If you haven’t read it yet, read
Part 1: The Heartbreak | Part 2: Self Destruction
Part 3: Mirrored Suffering | Part 4: Mending Hearts

Turns out he was asked to play a gig that night and he needed to pick up his guitar. We planned to meet at my house and just take one car. We figured he would be sleeping at my place. Neither one of us wanting to be alone that night. When he got to my house we headed to the bar.

As soon as we got there we each grabbed a beer and he went to set up. I waited in a booth where a few friends joined me. That night I did something I hadn’t done in years. I can’t say exactly what emotion drove me to do it, but I do know it was too strong to be stopped.

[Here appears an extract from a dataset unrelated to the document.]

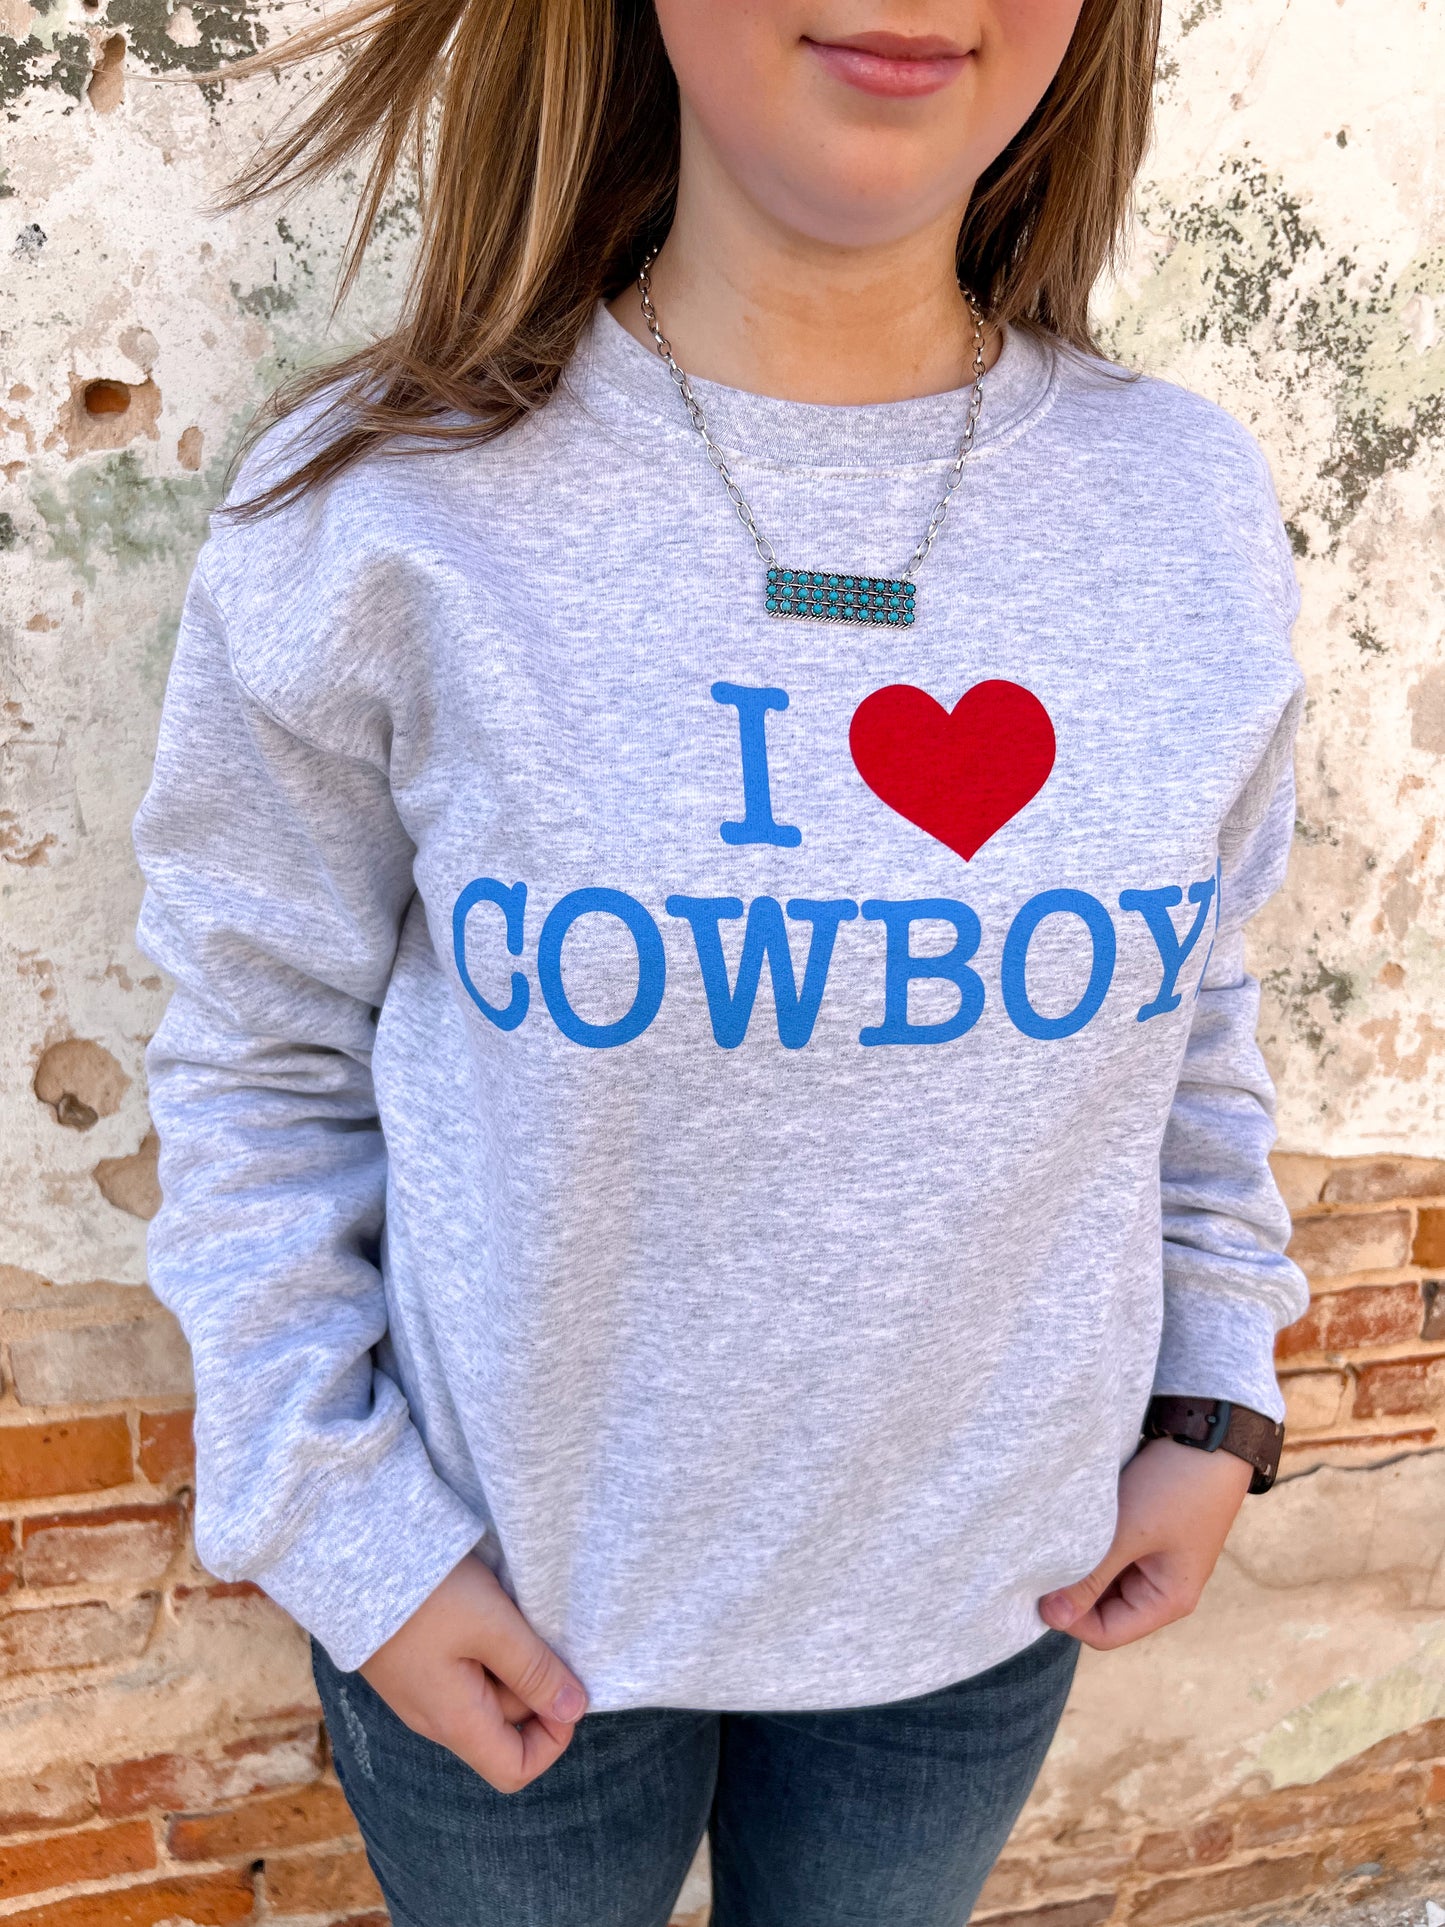 I Love Cowboys Sweatshirt-Top-friday+saturday-11/28/23 md, 1st md, Bin E5, Max Retail-The Twisted Chandelier

I joined some friends in the parking lot to get high.

Big mistake. It had been so long that it hit me like a freight train. Almost instantly I felt sick to my stomach. After returning inside and taking a drink from my second beer, I found myself running back outside to hurl. He came out after me, sat by my side, and held my hair back for me. Suddenly I was surrounded by my friends who stayed with me until I was ready to head back in. We joked and laughed and had a great time. When we all went back in, I felt so much better. Watched him play, finished my second beer and had a couple more before heading home. Happy.

That night I had a blast and it was all because of a simple friendly gesture between friends. It reminded me that there’s more to life and myself than one person. My loved ones were made up of many. My mistakes in a relationship should not dictate the type of person I would be as a mother. People would miss me. I wouldn’t be where I am now, blissful with my two wonderful children, my great friends, and my very awesome husband.

I’m thankful he was there to save me from myself and that he stuck around so we could build this great life together. Believe me when I say, I will always love him for that.

Today marks 6 years I’ve been head-over-heels in love with this wonderful guy.